Overview
A key WOCE goal is to develop ocean models for climate research. These models
should be able to represent the largest-scale overturn and renewal of water-masses in
the global ocean. We examine whether coarse resolution ocean models - such as those
used in climate change studies - can reproduce the ventilation time-scales of ocean
overturn. A number of experiments are examined spanning a range of mixing schemes
(Cartesian, isopycnal, and Gent and McWilliams (1990, GM), as well as combinations
thereof), with a variety of diffusion coefficients. The GM runs include a standard case
without background horizontal diffusion, another in which horizontal diffusion is
maintained, and a third wherein the isopycnal tracer diffusion is set equal to the
isopycnal thickness diffusivity. In the final GM case, the isopycnal thickness diffusivity
is halved. Of particular interest is the role of the tracer mixing schemes in determining
ventilation processes such as mixed layer formation, deep water renewal and abyssal
flow regimes. We employ CFCs, radiocarbon, and idealized tracers to monitor overturning
rates in each model experiment.
Simulated ventilation rates vary greatly between the three mixing schemes. Isopycnal
mixing runs exhibit the most rapid water mass renewal due to strong diffusion effects
and excessive surface convective overturn, particularly in the Southern Ocean. In
contrast, all GM cases show gradual renewal of deep and bottom waters, with limited
vertical convection of surface waters and slower abyssal currents. Background horizontal
diffusion does not significantly alter interior ocean ventilation rates under GM,
whereas it results in spurious diapycnal fluxes in non-GM runs.
Comparison has made between the model simulations of CFCs and radiocarbon with
WOCE measurements in the ocean. All model runs exhibit only gradual and shallow
water-mass renewal in the North Atlantic Ocean, with little NADW outflow below
2000-m. Deepening critical sills in the region does not alleviate this problem. Adjusted
surface thermohaline forcing can enhance outflow rates of NADW, though at the
expense of requiring artificially high surface heat and/or freshwater fluxes. In the
Pacific and Indian Oceans, Cartesian and isopycnal mixing runs are ventilated too
rapidly due to strong convection and water-mass contribution from the Southern Ocean.

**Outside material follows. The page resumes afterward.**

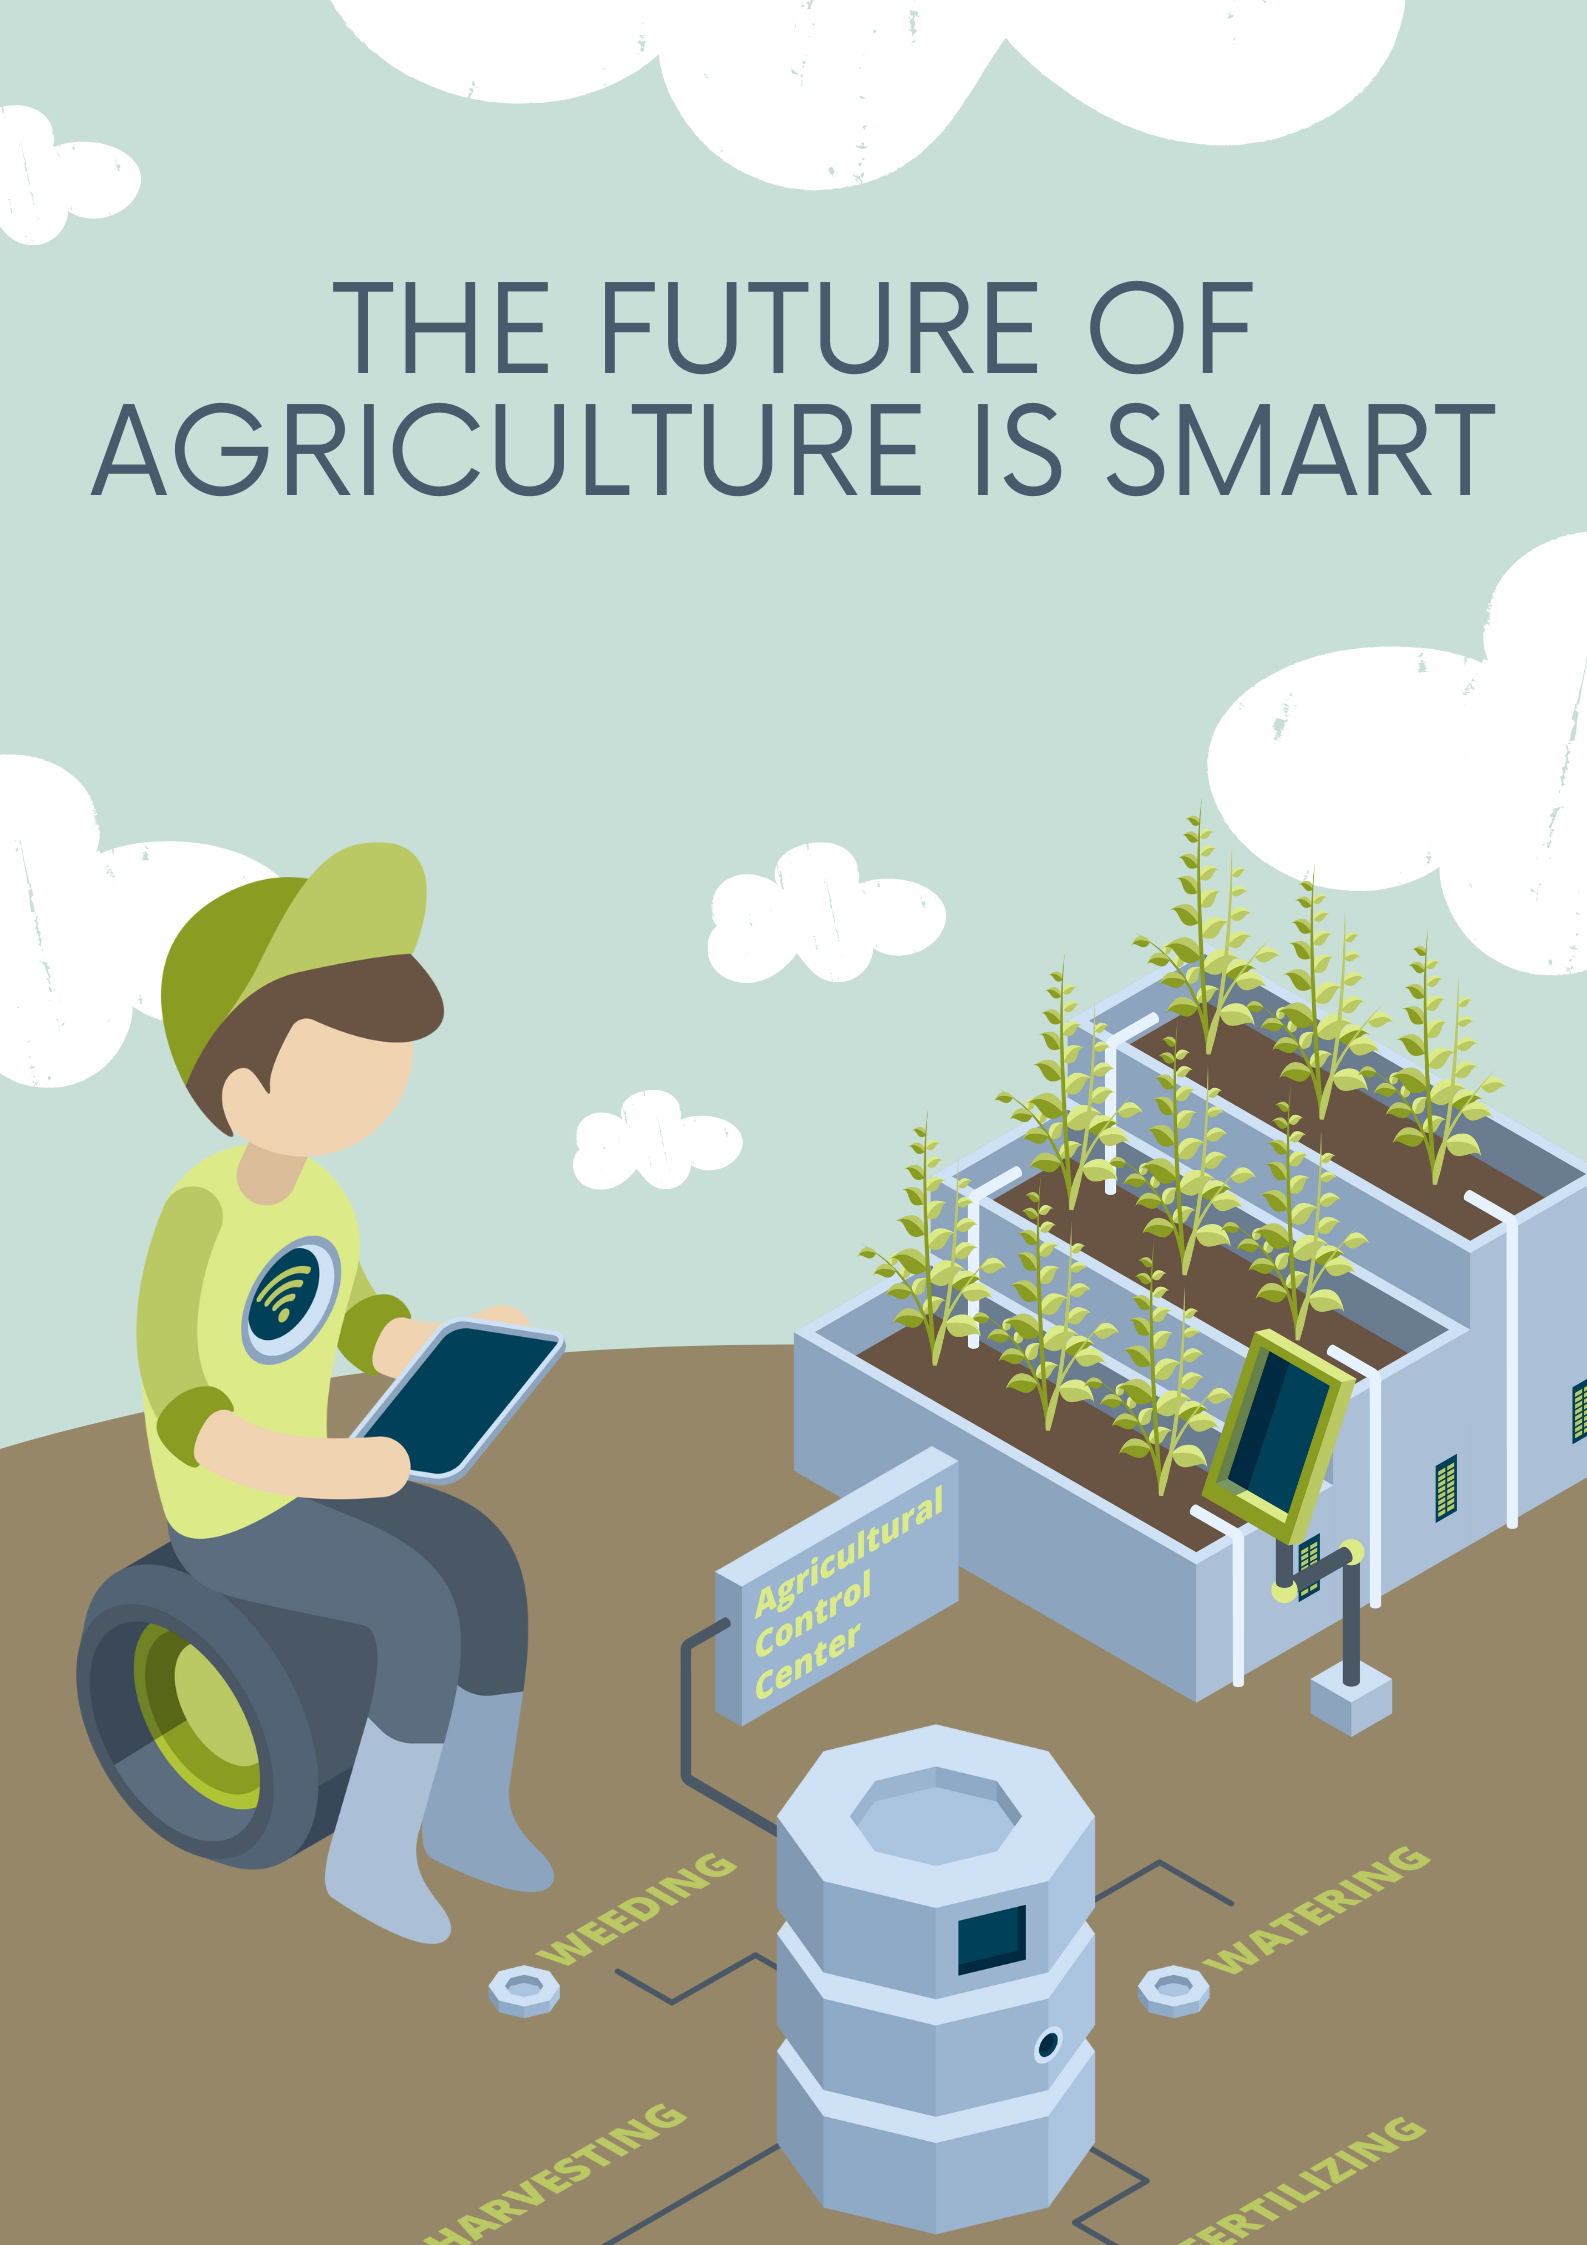 The Future of Agriculture is Smart
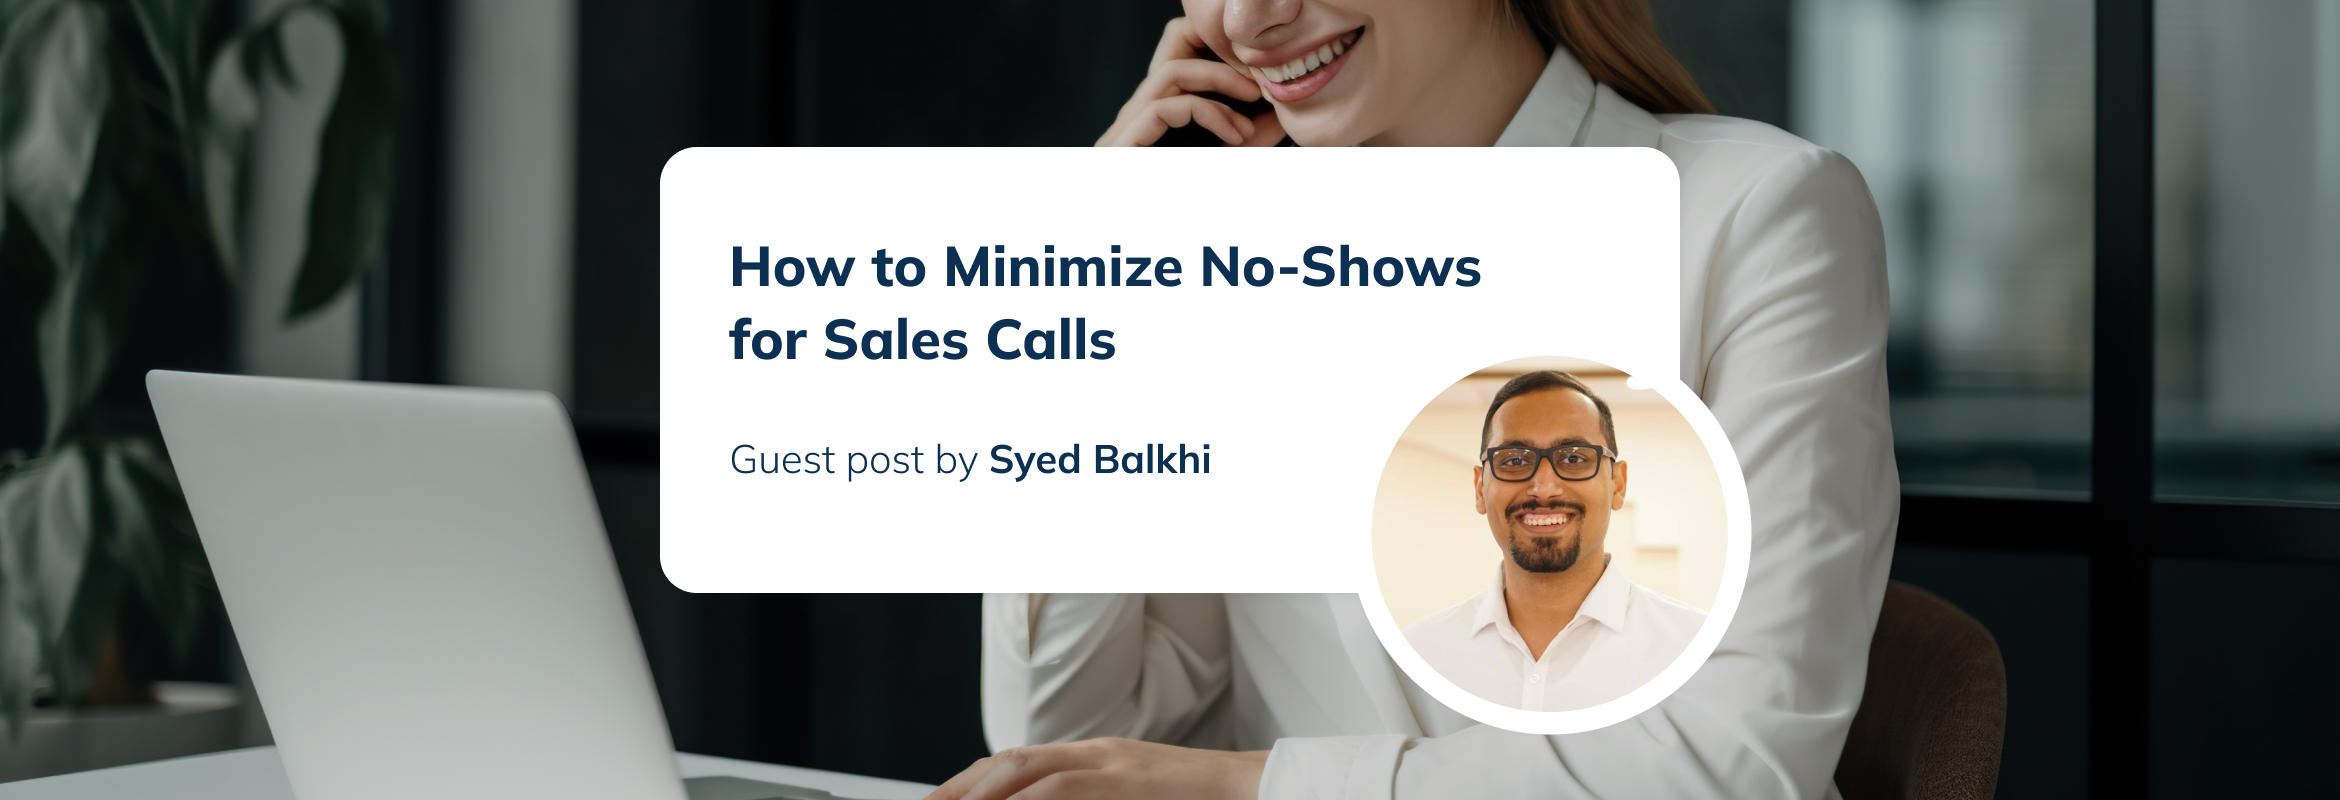 How to Minimize No-Shows for Sales Calls

In contrast, GM runs simulate spuriously old and radiocarbon-depleted Circumpolar
Deep Water. Overall, none of the model cases reproduce global ocean ventilation rates
over decadal to centennial time-scales. Higher horizontal resolution and a spatially-varying
GM thickness diffusion coefficient may be required before global models
capture ocean ventilation rates with some degree of fidelity.
Experimental design
Experimental design adopted for the present study. The seven cases listed are the Cartesian-mixing
experiments (HOR-Z and HOR=0.75), the isopycnal mixing experiment (ISO) and the Gent and
McWilliams (1990; GM) experiments. AHH refers to the horizontal diffusivity, Ar(z) to a depth-
dependent profile for isopycnal diffusion, and k to the GM isopycnal thickness diffusivity.
| Experiment: | Subgrid-Scale Eddy Parameterisation: |
HOR-Z | Horizontal mixing profile, AHH = 1.0 [surface] to 0.5 [bottom] x 10^3 m2/sec. |
HOR=0.75 | Horizontal mixing (constant AHH = 0.75 x 10^3 m2/sec). |
ISO | Isopycnal mixing profile Ar(z), background AHH = 0.75 x 10^3 m2/sec. |
GM-0 | GM, k = 1 x 10^3 m2/sec, isopycnal mixing profile Ar(z). Zero AHH. |
GM-H | As in GM-0, only AHH is non-zero (0.75 x 10^3 m2/sec). |
GM=ISO | As in GM-0, only Ar = k = 1 x 10^3 m2/sec. |
GM=0.5 | As in GM-0, only k = 0.5 x 10^3 m2/sec. |
Ventilation in the Southern Ocean
The meridional overturn of water masses in the Southern Ocean is limited to
mode and intermediate water formation north of the polar front and bottom water formation over the
Antarctic continental shelf.
The circulation near 60 S is dominated by wind-driven upwelling of old Circumpolar
Deep Water (CDW). Mean profiles of water-mass age simulated in the Southern Ocean at
the latitude band 55 S-70 S are shown here (0.02 Mb)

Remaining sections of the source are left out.